### Collected data:
◇ ◇ ◇

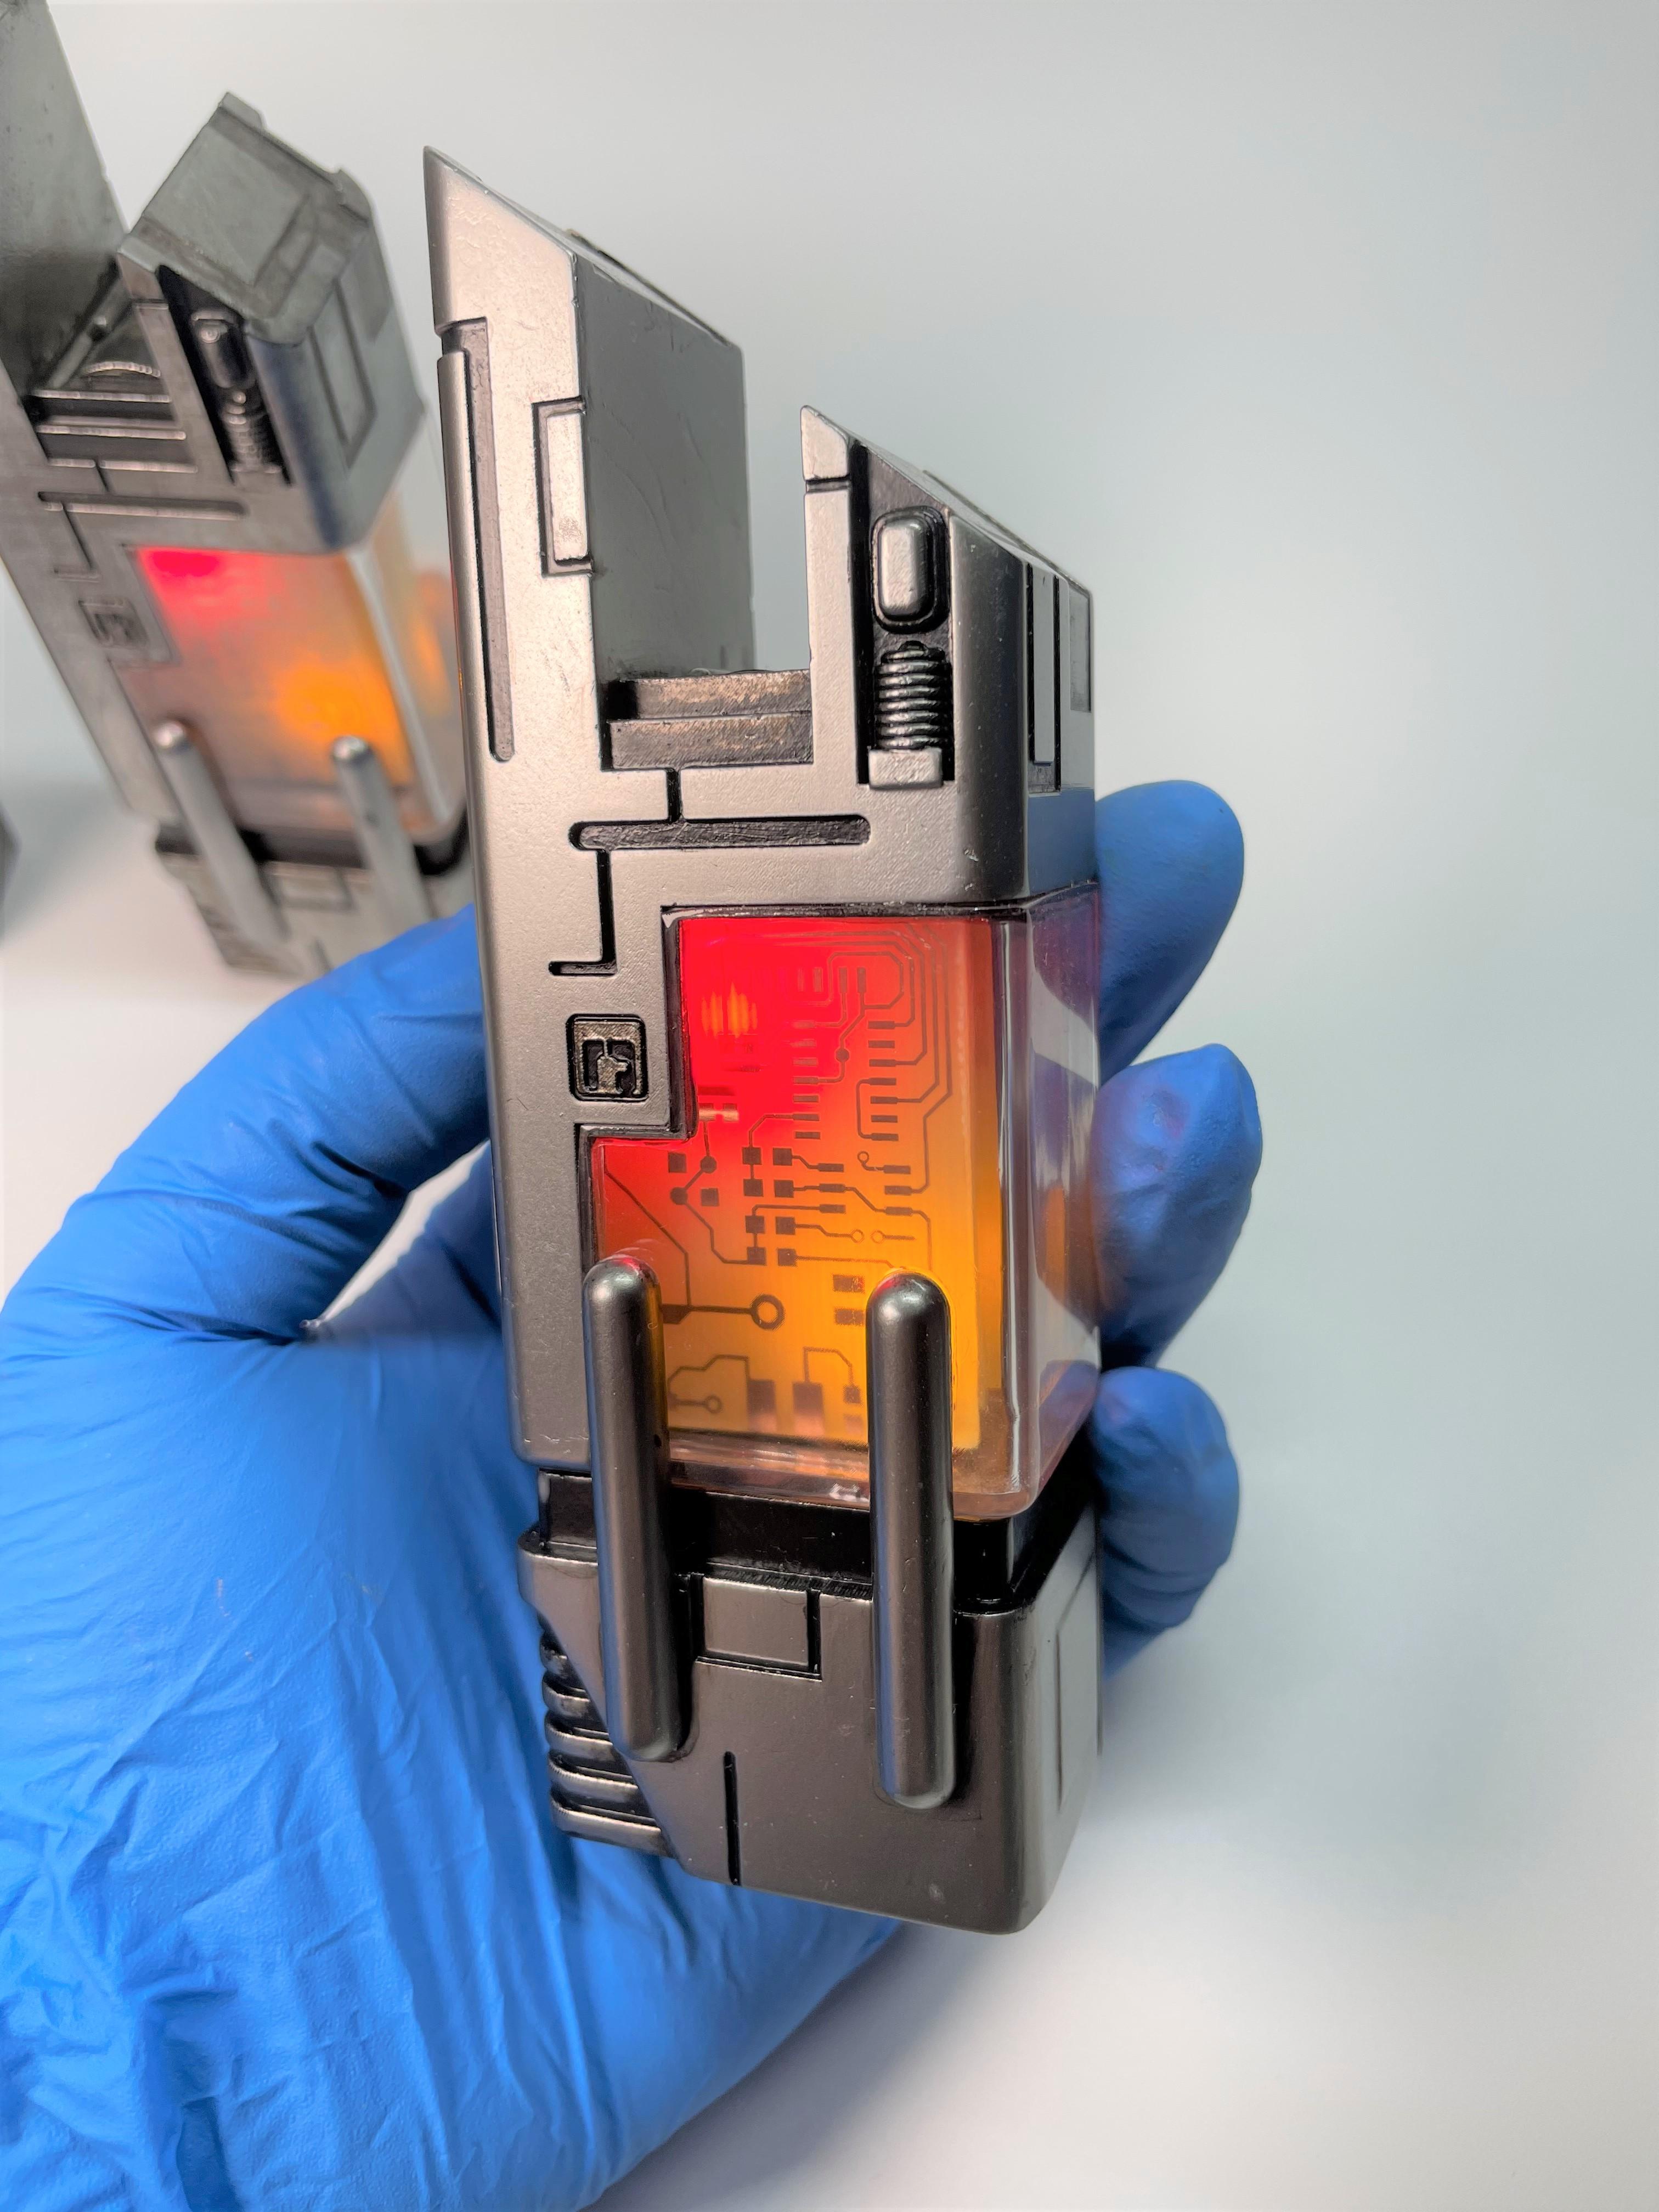 t-800-fuel-cell-11-jpg.jpg
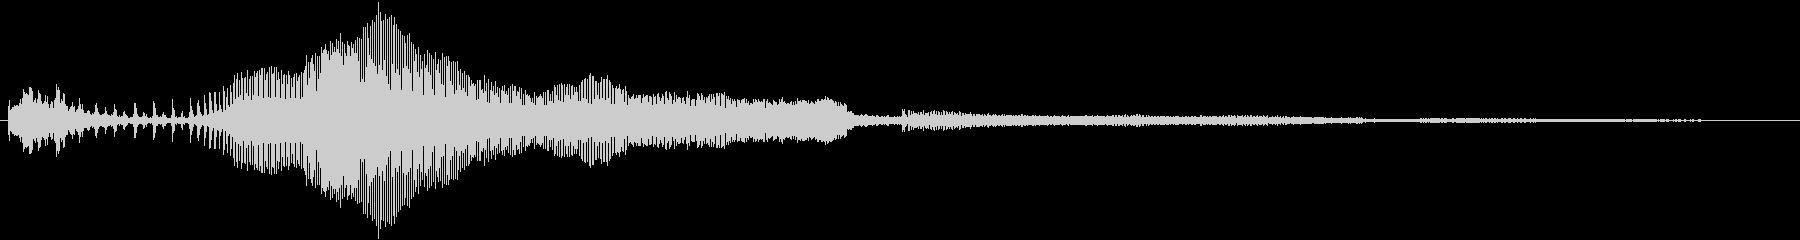 50 Cc電動スタートガススクータ...の未再生の波形
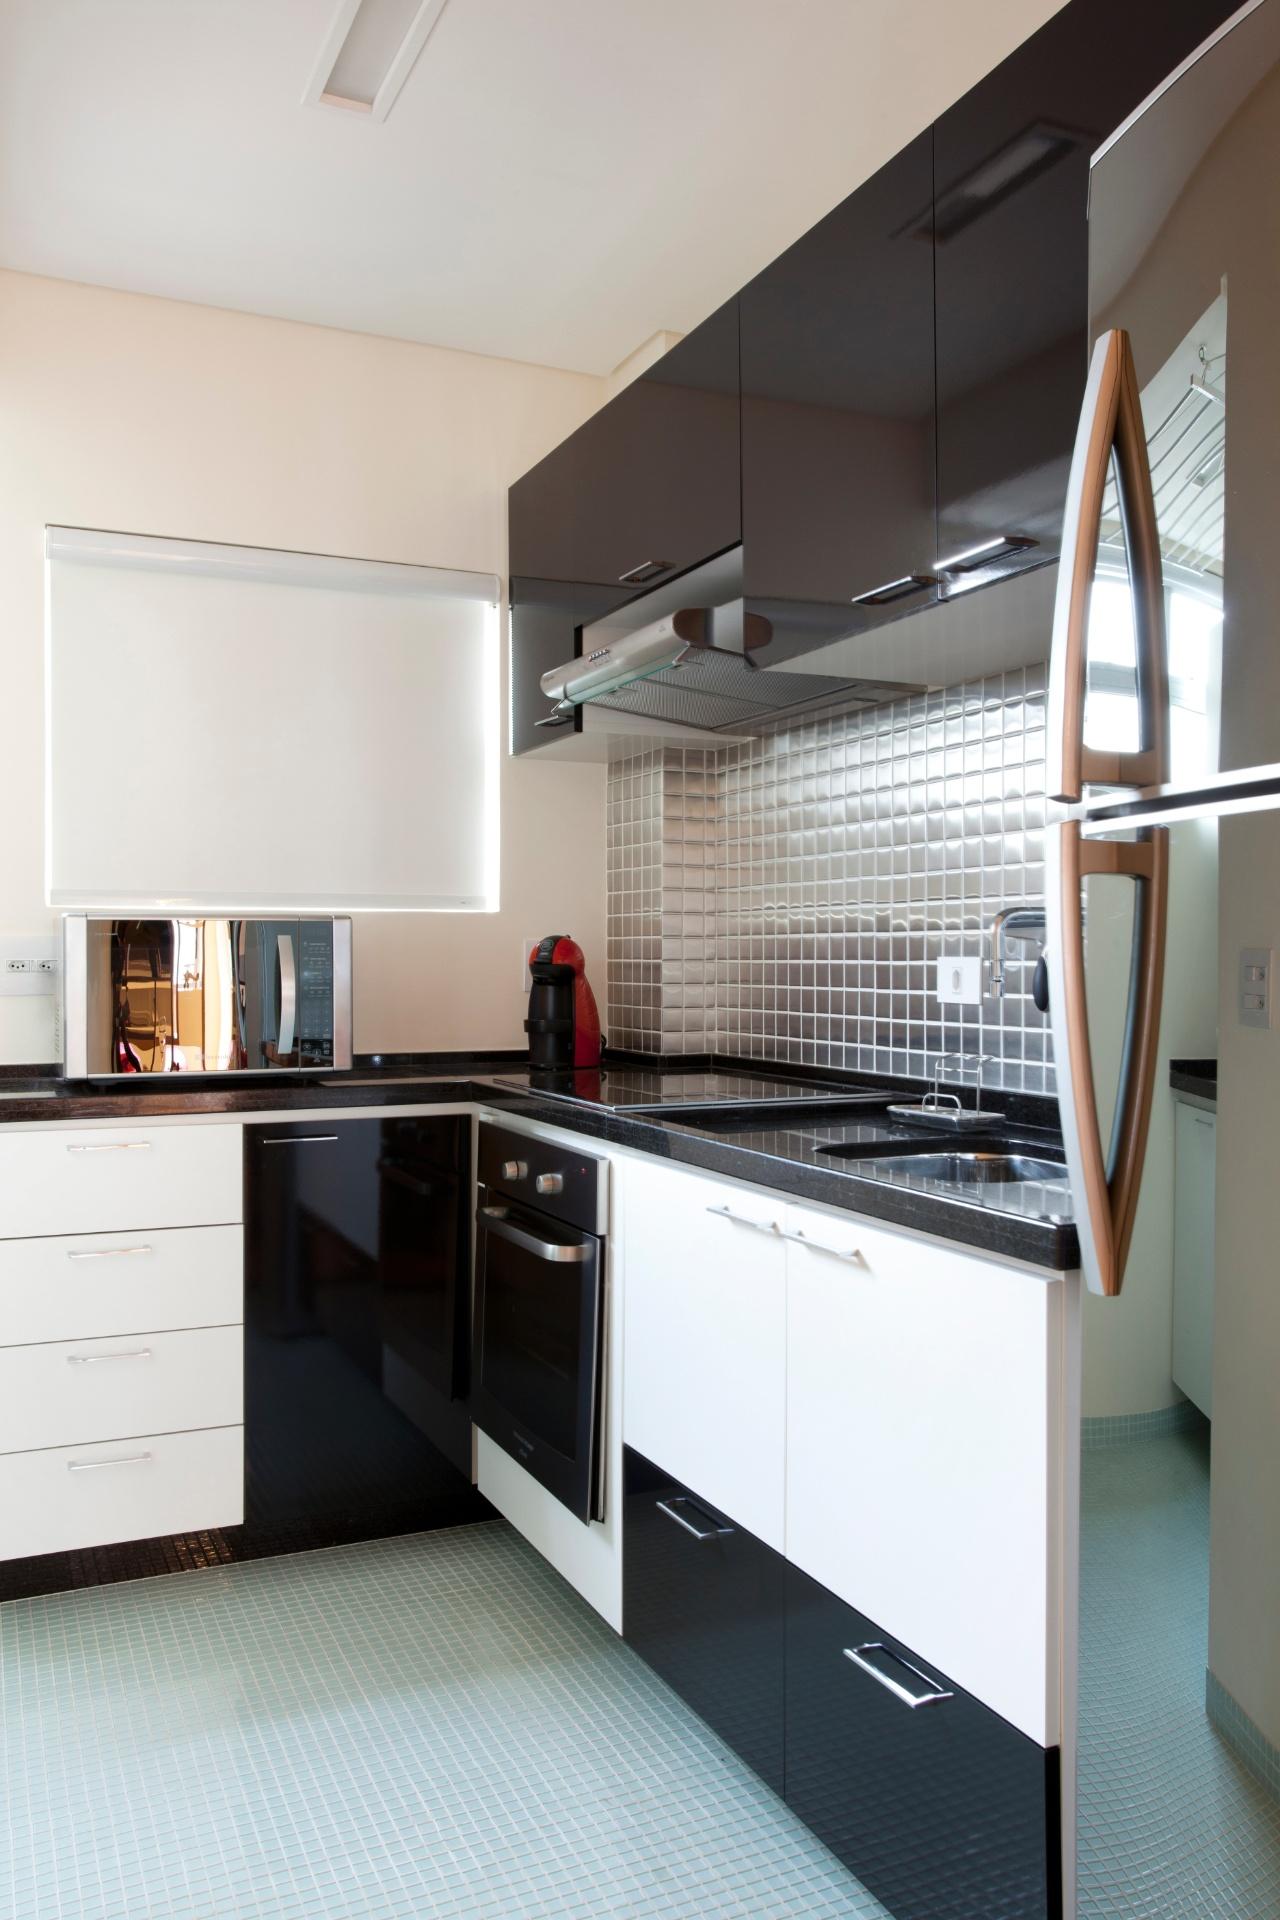 cozinhar em casa era preciso que a cozinha recebesse uma bancada em L  #614A3D 1280 1920
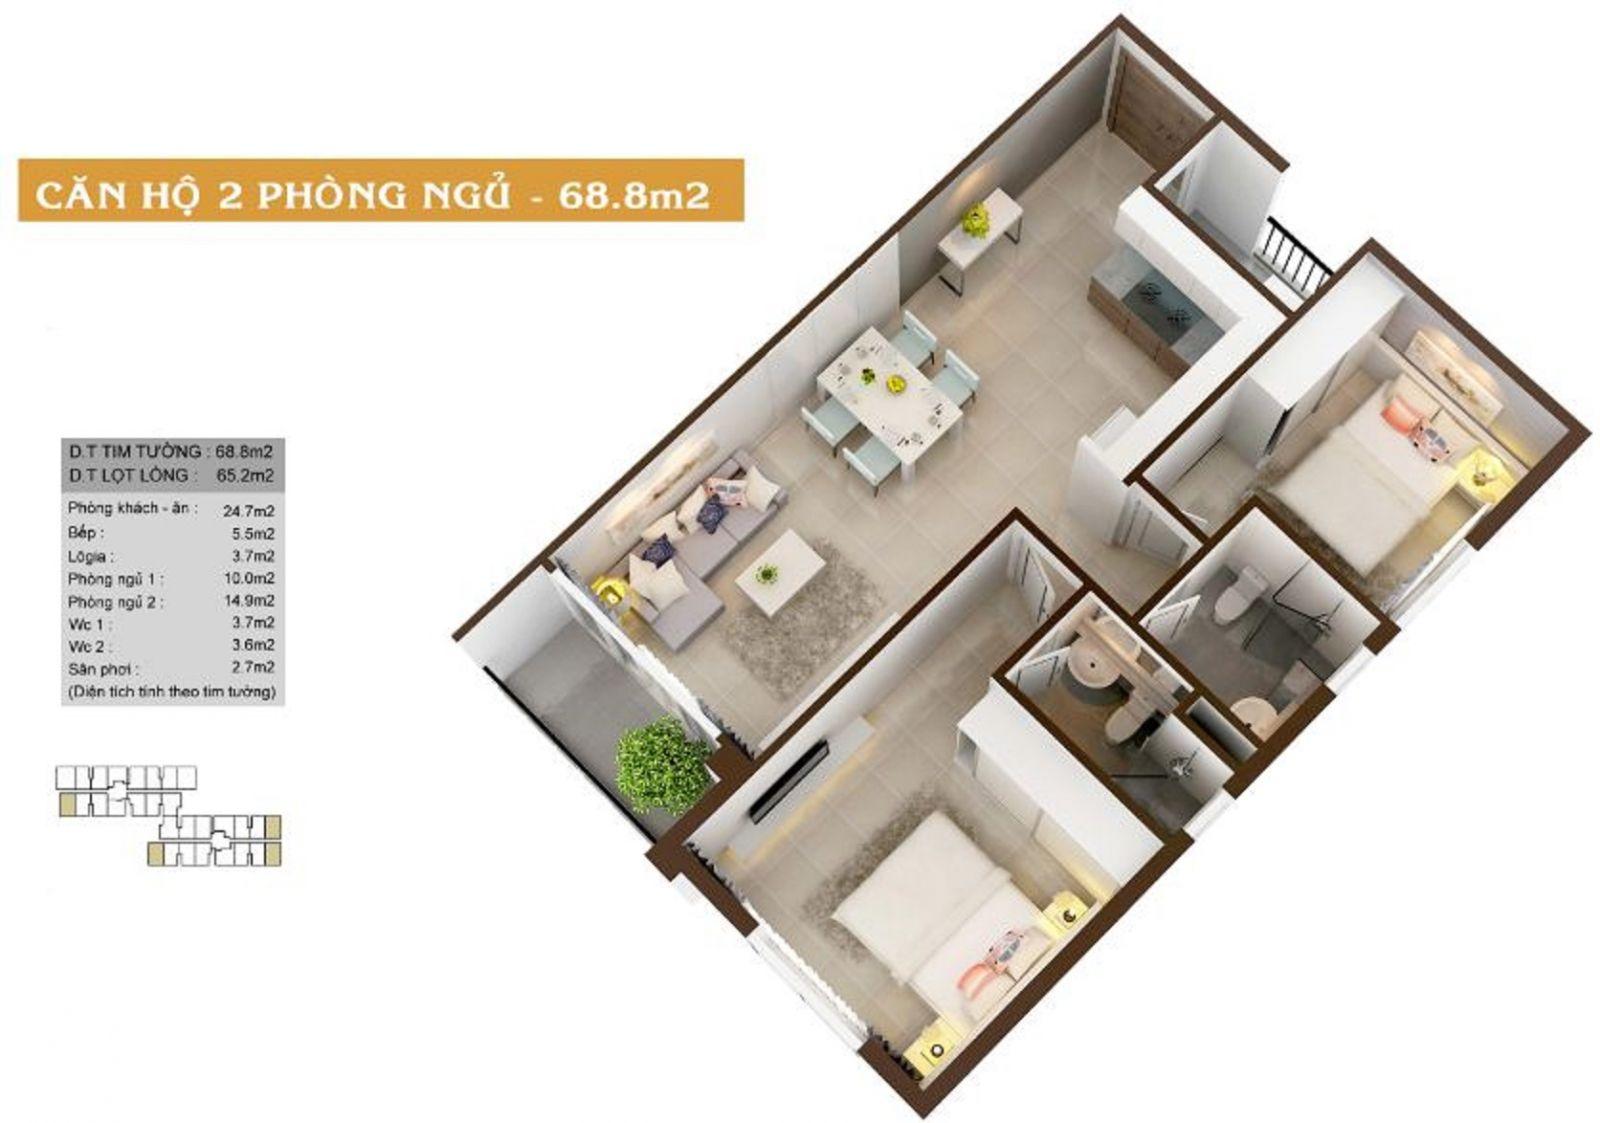 Thiết kế căn hộ 2PN diện tích 68.8m2

◇ ◇ ◇

### What is required:
From the first line to the last, repeat the listing exactly and skip its images.

### Reply:
 t-800-fuel-cell-11-jpg.jpg
 50 Cc電動スタートガススクータ...の未再生の波形
 cozinhar em casa era preciso que a cozinha recebesse uma bancada em L  #614A3D 1280 1920
 Thiết kế căn hộ 2PN diện tích 68.8m2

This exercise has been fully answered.